So in my PDE course we started with a review of complex numbers and vector spaces to introduce us to fourier series. I have a few questions about this.
- I know 'big ell 2' and 'little el 2' are vector spaces. However I need a little bit more understanding on what these are. The lecture defined them ast $l^2 := e^n(m) = \begin{cases} 0 & \mbox{if } m \neq n \\ 1 & \mbox{if } m = 1 \end{cases} $ and $ L^2 := V=\{ f_x : [-\pi, \pi] \rightarrow \mathbb{C} | \frac{1}{2\pi}\int_{-\pi}^\pi {|f_x|^2 dx} < \infty \}$. Can you explain more about these vector spaces, why they are important, a wiki page, and basis why/how the basis are orthonormal and infinite dimensional.

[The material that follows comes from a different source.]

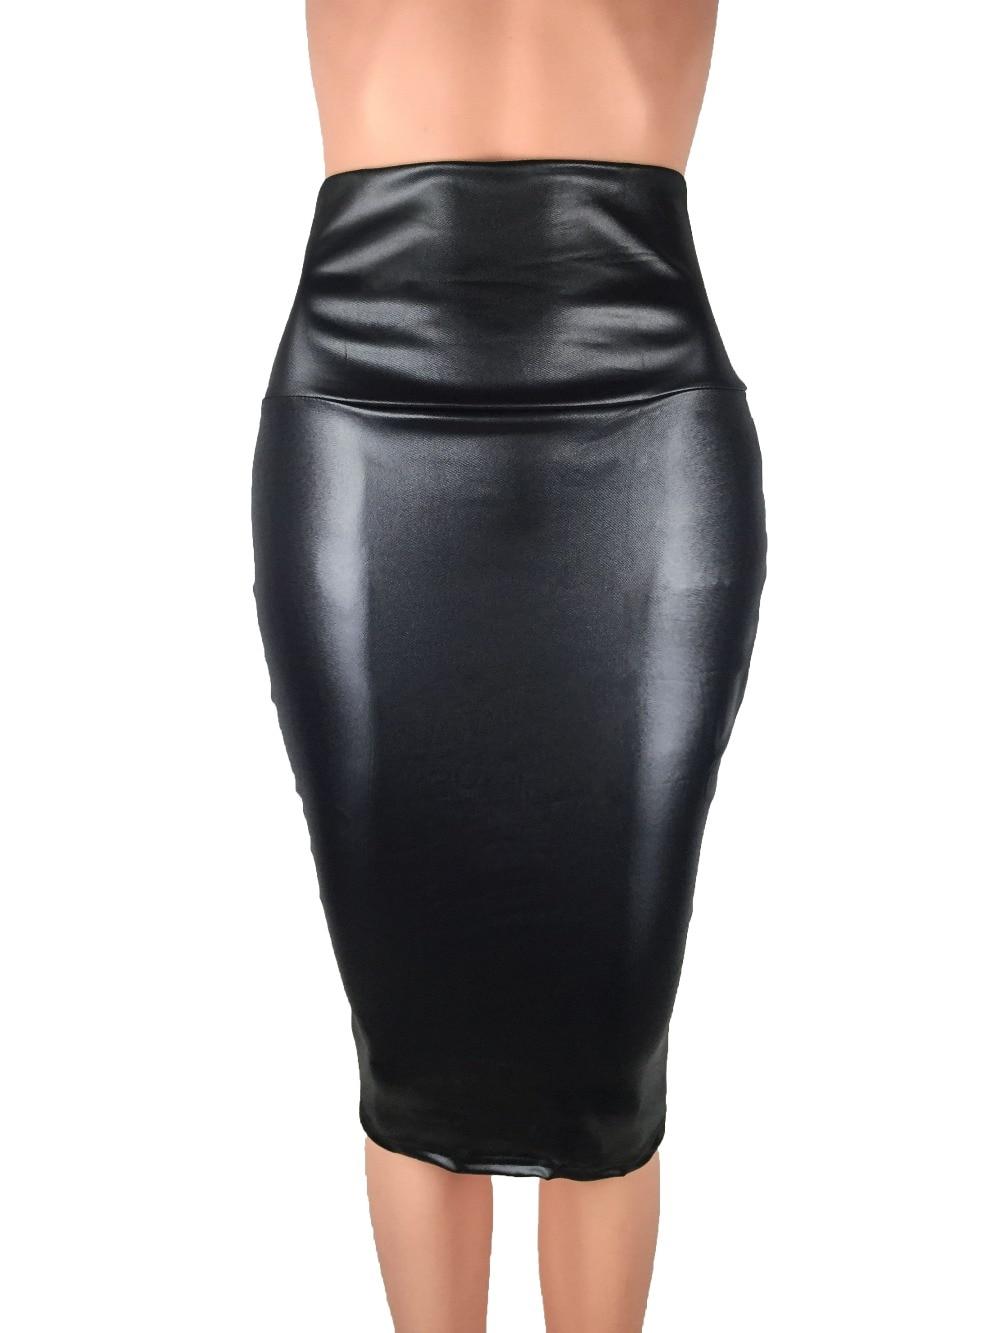 Bohocotol 2018 μολύβι faux δερμάτινη φούστα - Γυναικείος ρουχισμός - Φωτογραφία 1

- Since they(what is "they") are orthonormal $f_x$ from $L^2$ wraps "something" around the unit circle.$f_x $ is defined as $f_n(x) = e^{inx}$ and for every x, $|e^{inx}| = 1$
- Enough about them, lecture notes says Fourier series connects $L^2([-\pi,\pi])$ to $l^2(\mathbb{Z})$ using orthognal projection. I am very confused about this.
The reason I am asking here is that I can't find a good resource (pdf, wiki) that conects linear algebra to fourier series. Theres plenty of information on either subject but not for both.